Exactly as written, return every line of the data below apart from the pictures.

**Exercise data:**
########################################
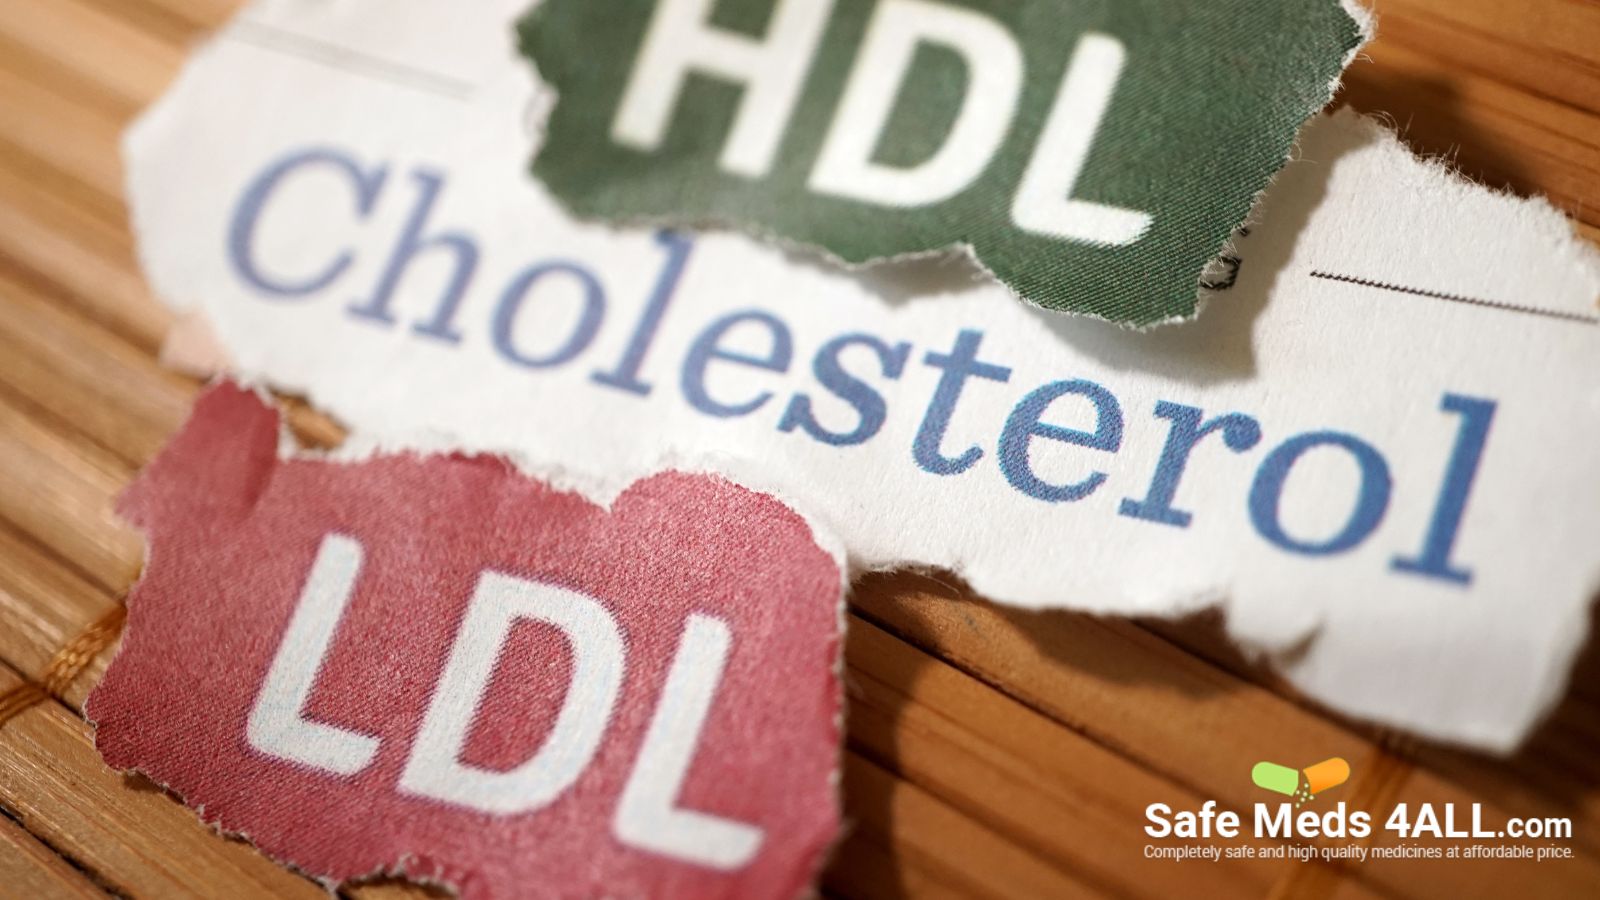 Lower bad cholesterol or LDL and increase good cholesterol or HDL with life style changes and cholestrol lowering medication.
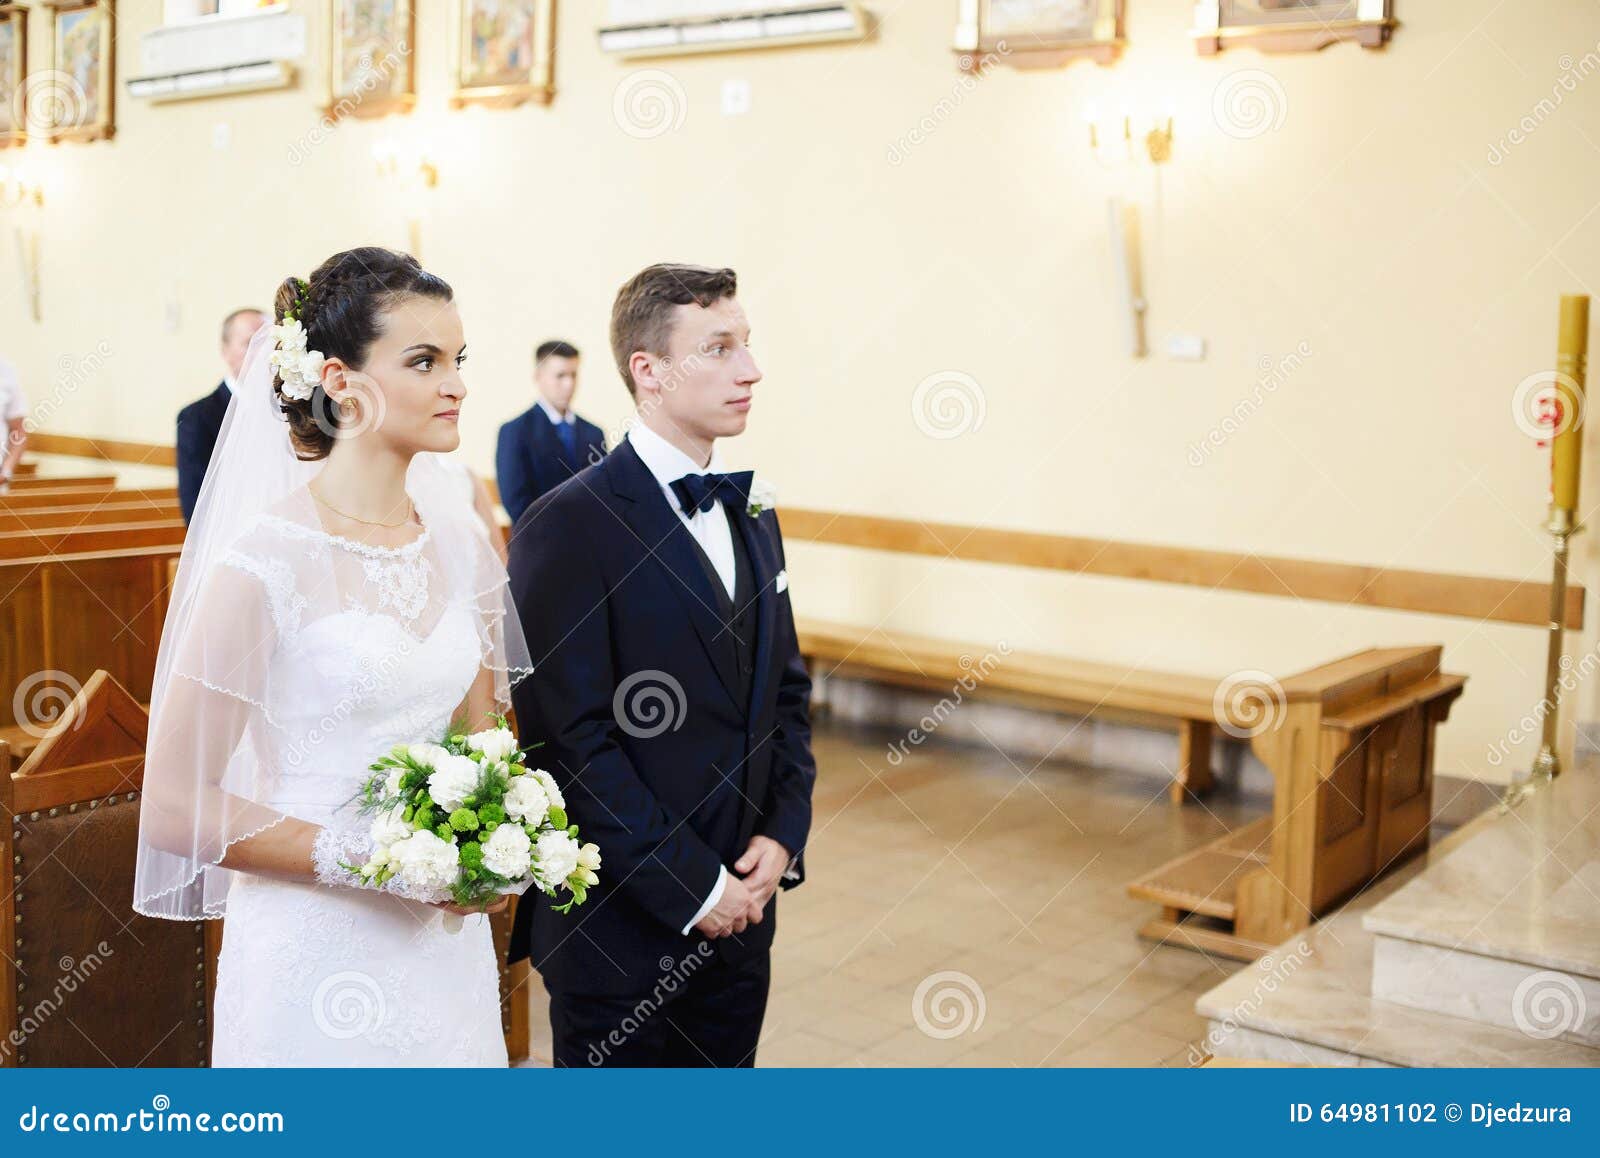 The Bride And Groom Standing At The Altar In The Church Stock
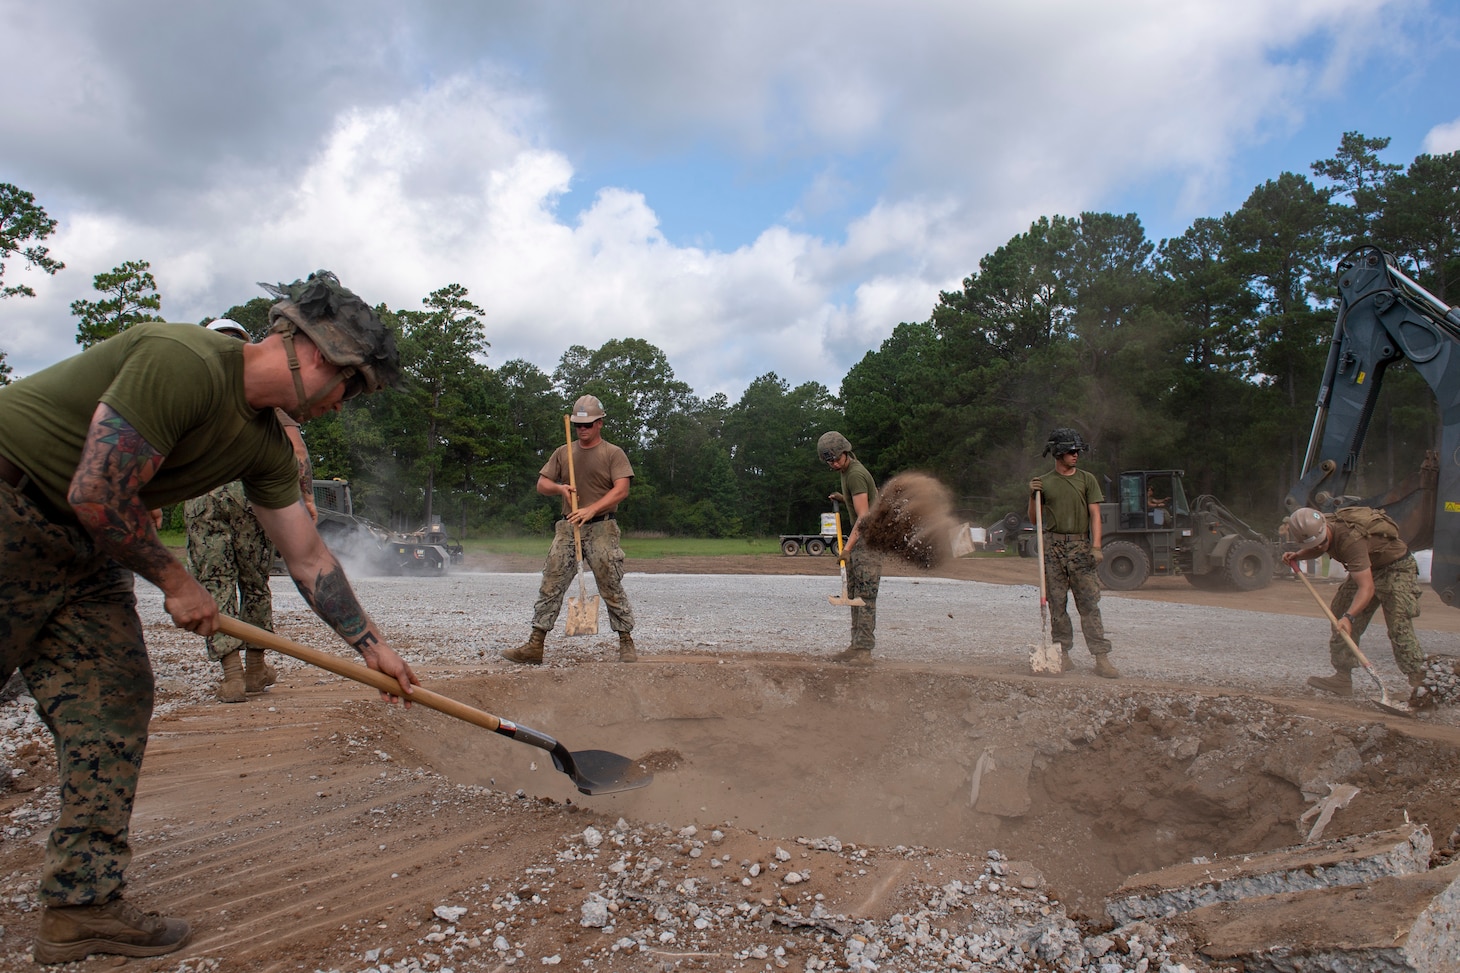 CAMP SHELBY, Miss. (Jul. 20, 2022) Seabees assigned to Naval Mobile Construction Battalion (NMCB) 1 work together with Marines assigned to Marine Wing Support Squadron (MWSS) 273 on repairing the damaged airfield during the airfield damage repair exercise during Operation Turning Point, also known as their Field Training Exercise.
########################################
**Expected answer:**
 Lower bad cholesterol or LDL and increase good cholesterol or HDL with life style changes and cholestrol lowering medication.
 The Bride And Groom Standing At The Altar In The Church Stock
 CAMP SHELBY, Miss. (Jul. 20, 2022) Seabees assigned to Naval Mobile Construction Battalion (NMCB) 1 work together with Marines assigned to Marine Wing Support Squadron (MWSS) 273 on repairing the damaged airfield during the airfield damage repair exercise during Operation Turning Point, also known as their Field Training Exercise.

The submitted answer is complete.